Immigrant rights group files complaint over jail assault

HELENA, Mont. – A national immigrants’ rights group on Friday filed a civil rights complaint with the U.S. Department of Homeland Security asking the agency to investigate the alleged rape of an undocumented Mexican national who was in the agency’s custody.

The complaint was filed with the agency’s Office for Civil Rights and Civil Liberties. It details the alleged assault on a 40-year-old laborer who was picked up by Immigration and Customs Enforcement officials after a routine traffic stop in Sidney. The laborer was being held at an ICE-contracted jail in Boulder when the alleged assault took place.

An attorney with the National Immigrant Justice Center said the case is a prime example of the need for DHS officials to hurry and adopt policies based on the 2003 Prison Rape Elimination Act into its regulations governing the detention of non-U.S. citizens.

On Tuesday, ICE issued a statement via email regarding the group’s complaint:

“U.S. Immigration and Customs Enforcement takes these allegations of sexual assault extremely seriously. We are working closely with Jefferson County Sheriff’s Office regarding its ongoing investigation. ICE’s Office of Professional Responsibility is also conducting a separate but related investigation of these very serious allegations,” the statement said.

NIJC attorney Claudia Valenzuela said civil immigration violators should not be treated or detained as criminals in the first place.

“The Supreme Court ruled long ago that immigration violations are civil violations and deportation is not a criminal punishment,” Valenzuela said. “We are very concerned about equating immigrant detainees with any sort of criminal offense or criminal punishment, and one of the big areas of concern for us is the issue of sexual assault within immigration detention facilities.

Valenzuela said immigrant detainees can become “perfect victims” for sexual assault because they often don’t speak English, are frightened by their imprisonment and are in the process of being removed from the country. If a rape victim is deported before he or she reports the assault to authorities, then often no one may ever know an assault occurred, Valenzuela said.

A U.S. Justice Department “National Crime Victimization Survey” from 2008-2012 found that nearly 60 percent of rapes are not reported in the United States. A 2007 report by the federal Bureau of Justice Statistics found that nearly one in 20 prisoners in the United States reported being the victim of rape or sexual abuse behind bars.

Valenzuela said that number could be higher because many immigrant detainees may never report an assault before being deported.

“We’ve been documenting these incidences for some years now,” Valenzuela said. “That’s why we’ve been working very actively to encourage the Department of Homeland Security to extend the Prison Rape Elimination Act standards that had been announced by the Department of Justice.”

Congress passed the Prison Rape Elimination Act, or PREA, after the nonprofit group Human Rights Watch issued a scathing 2001 report documenting widespread inmate on inmate sexual assault and sex slavery occurring within state and federal prison walls. The federal legislation, which passed by unanimous consent in both houses of Congress and signed by President George W. Bush in 2004, created a “zero-tolerance” policy for prison rape in the United States.
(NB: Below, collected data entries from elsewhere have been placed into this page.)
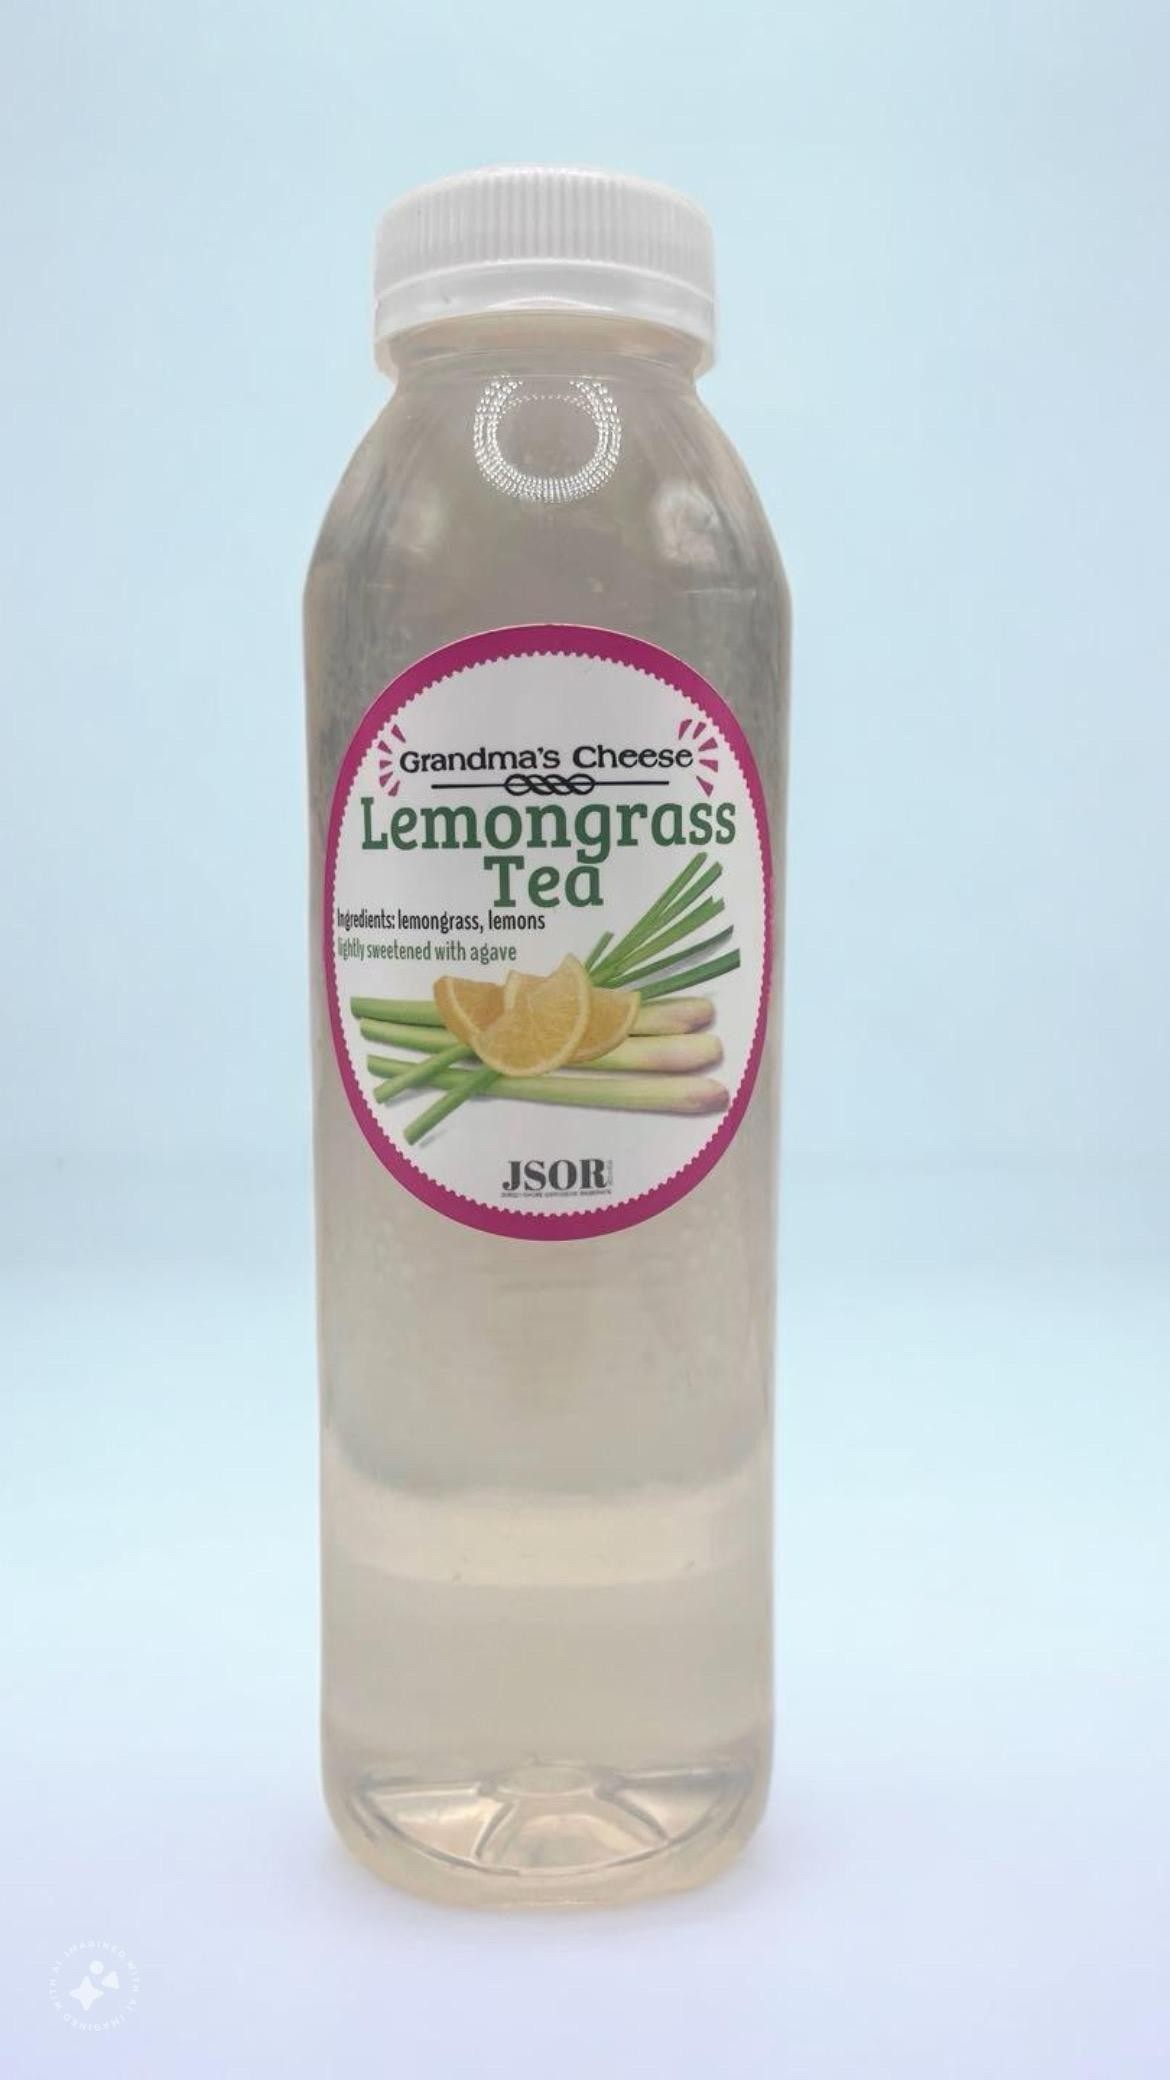 LemonGrass Iced Tea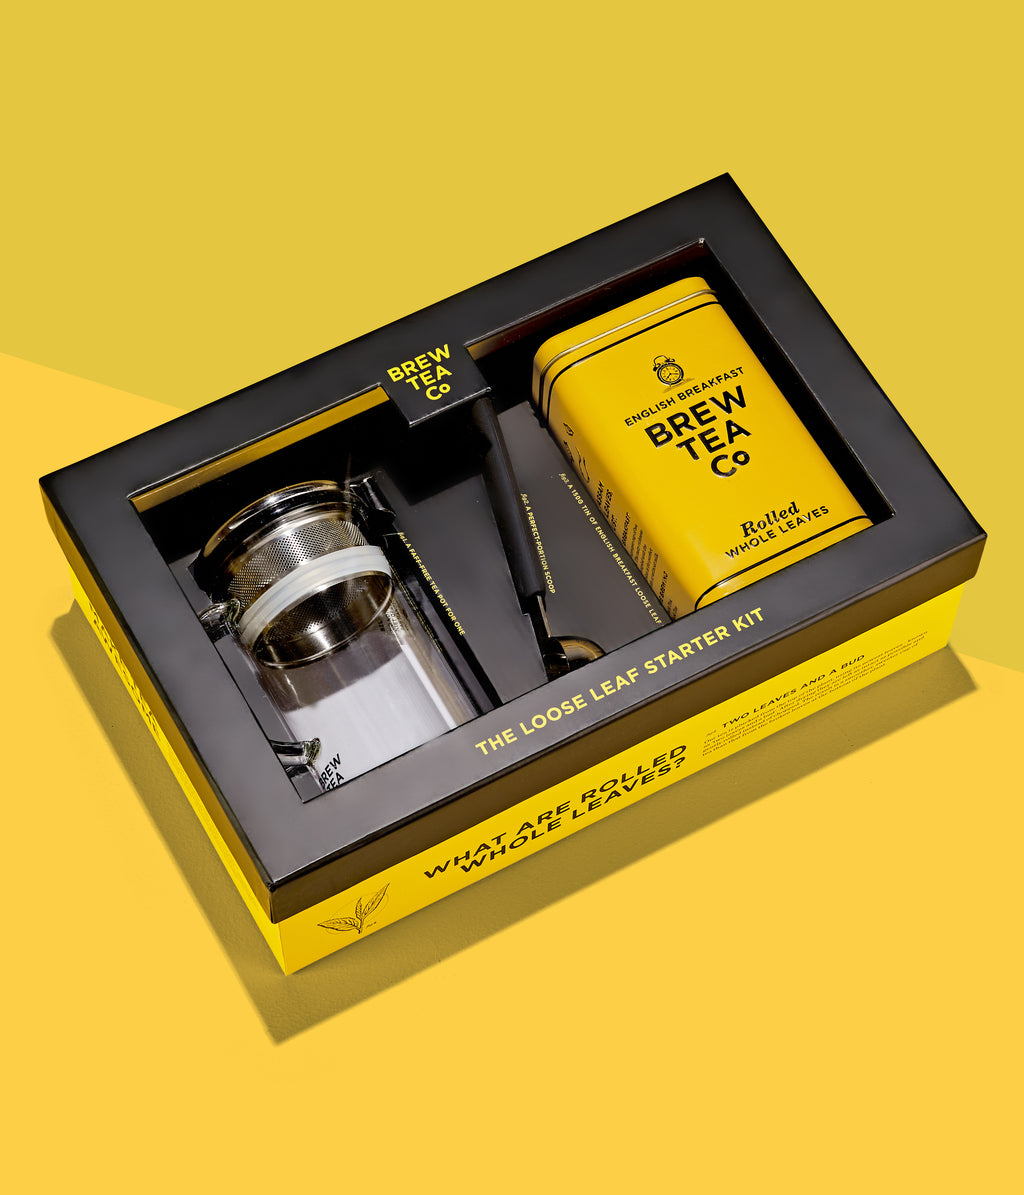 Loose Leaf Starter Kit, Tea gift Set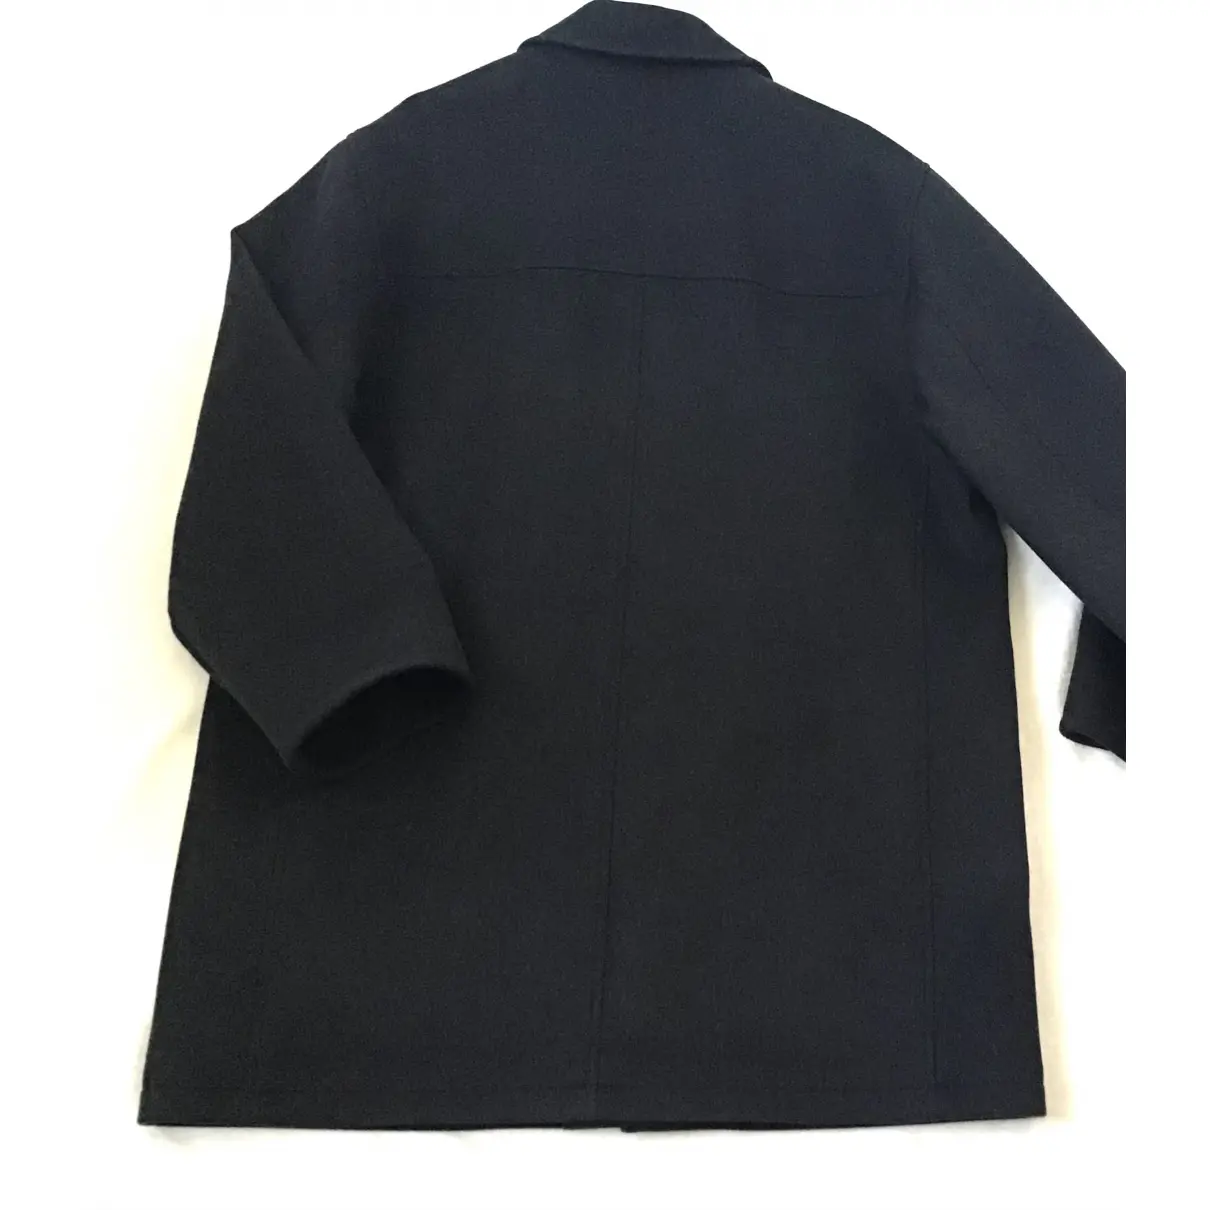 Buy Yves Saint Laurent Wool peacoat online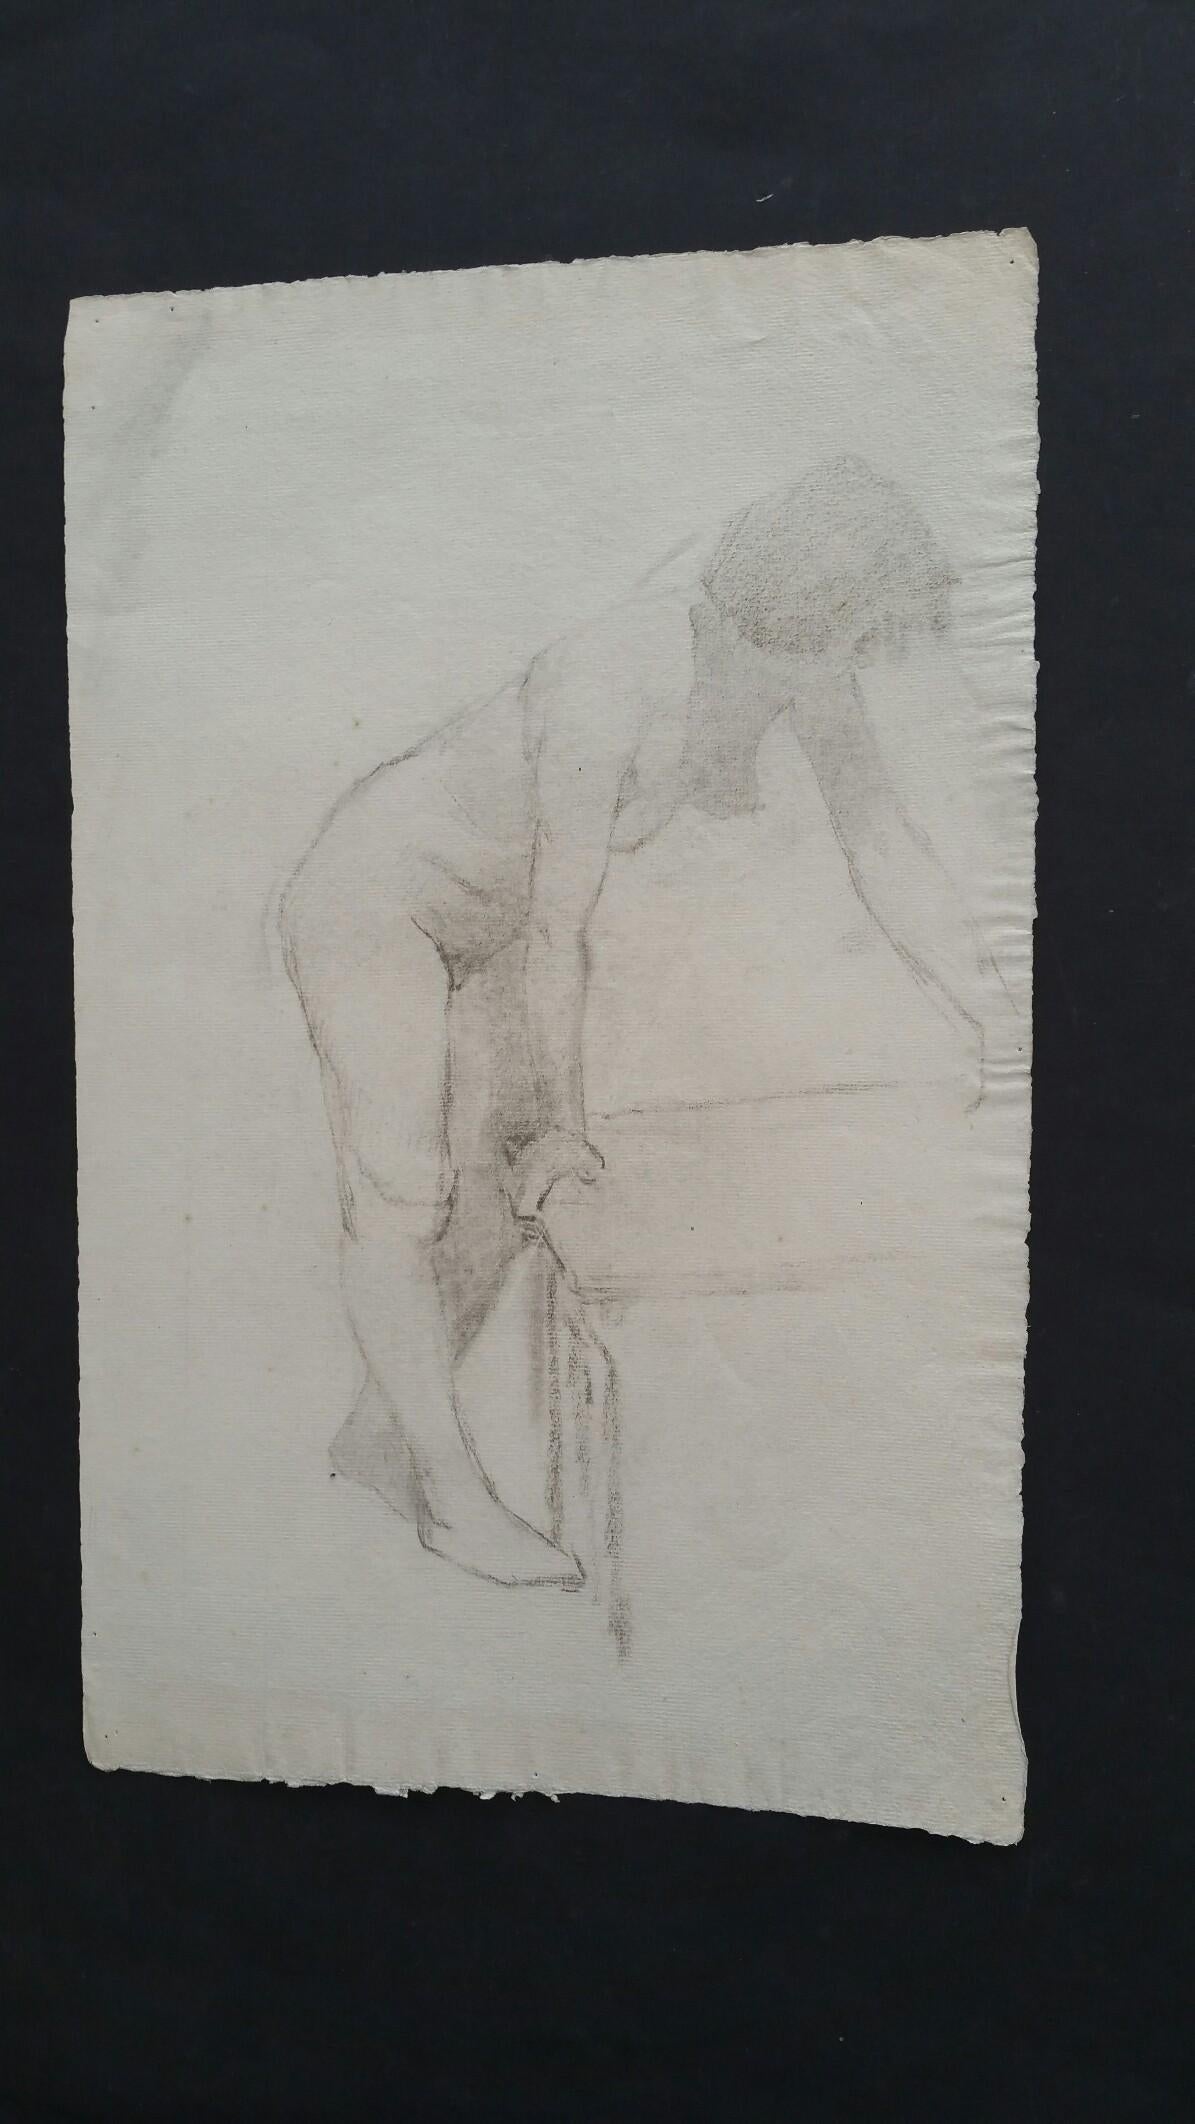 Esquisse à la mine de plomb anglaise d'une femme nue, penchée.
par Henry George Moon (britannique, 1857-1905).
sur papier d'artiste blanc cassé, non encadré.
mesures : feuille 18.25 x 11.5 pouces.

Provenance : de la succession de

According to the NIJC complaint, the Jefferson County Jail is governed by the Department of Justice’s PREA rules, which say specific protections should be in place for individuals who are of limited English proficiency and victims of sexual assault while in custody.

“DHS has an obligation to secure the well-being of all individuals in its custody, as reflected in its own detention standards, statutes, regulations, and under the U.S. Constitution,” the complaint states.

However, in 2011, the Justice Department clarified its PREA rules to say that rules did not extend to individuals in DHS custody.

That lead to a May 17, 2012, memo from President Barack Obama administration instructing all executive branch agencies not covered by PREA rules to propose regulations of their own within 120 days of the memo, with final regulations to be issued 240 days from that date.

“To advance the goals of PREA, we must ensure that all agencies that operate confinement facilities adopt high standards to prevent, detect, and respond to sexual abuse,” Obama stated in the memo.

Valenzuela says in her complaint that the laborer’s detention should have been covered under DHS PREA regulations, but those regulations have never been implemented, despite the deadlines set forth by Obama’s 2012 memo.

In a statement, DHS said the agency has undertaken its own rule-making process to apply PREA to immigration confinement facilities and intends to finalize the rule-making by the end of the year.

“The Department of Homeland Security is deeply committed to eliminating sexual abuse in immigration detention; our zero-tolerance policy is a key part of immigration detention reform, which has been and continues to be a departmental priority,” the statement read in part.